One of the more frustrating quirks of disability law for both attorneys and our clients is the five-month waiting period in Social Security Disability Insurance cases.
The rule states that disability benefits, regardless of the condition involved, will not be paid out until five full months have passed after an individual becomes disabled. And there’s no way around it. The best we can do as attorneys is argue that a client was disabled as early as possible after he or she stopped working.
But a new law could waive the five month waiting period in cases involving amyotrophic lateral sclerosis (better known as ALS or Lou Gherig’s Disease).
The cause of ALS is unknown. The disease causes severe problems with motor function, speaking, and ultimately breathing.
Half of those with ALS die from the disease within 16 months of diagnosis, meaning that waiving the five-month waiting period could ensure those with the condition and their families receive critical benefits.
In 2000, a law was passed that allows those with ALS who receive SSDI benefits to immediately qualify for Medicare. All other disabilities require a 24-month waiting period for Medicare eligibility.
Sen. Sheldon Whitehouse (D-R.I.) and Sen. Tom Cotton (R-Ark.) introduced the bill.
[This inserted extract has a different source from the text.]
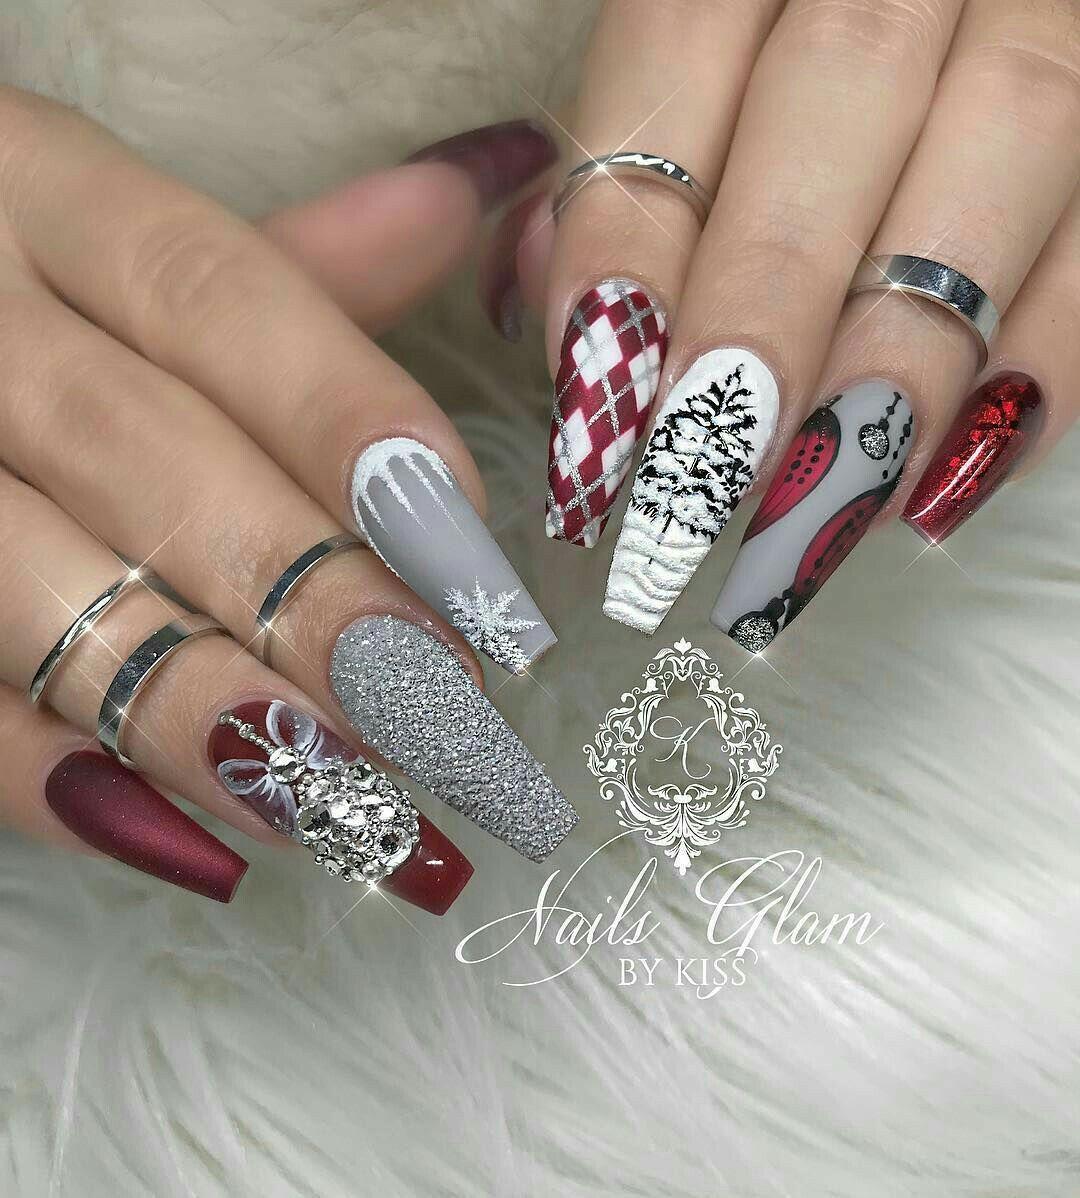 50 Beautiful Stylish And Trendy Nail Art Designs For Christmas Xmas Nails Christmas Nails Coffin Nails Designs

It was originally sponsored by Sen. Bill Nelson (D-Fla.) and Sen. Lisa Murkowski (R-Alaska). Rep. Seth Moulton (D-Mass.) and Rep. Peter King (R-N.Y.) introduced a companion bill in the House.
As the bill has received wide bipartisan support, it has a good chance of being signed into law.
“Congress originally justified the five-month waiting period by saying it allows time for temporary conditions to reverse. Unfortunately, that’s not currently possible for someone with ALS,” Rep. King said in a statement. “Given the prognosis for those diagnosed with ALS, it defies common sense and decency to require these same individuals to wait for benefits they have paid for and most importantly deserve. I am proud to stand with the ALS community in support of this bipartisan bill.”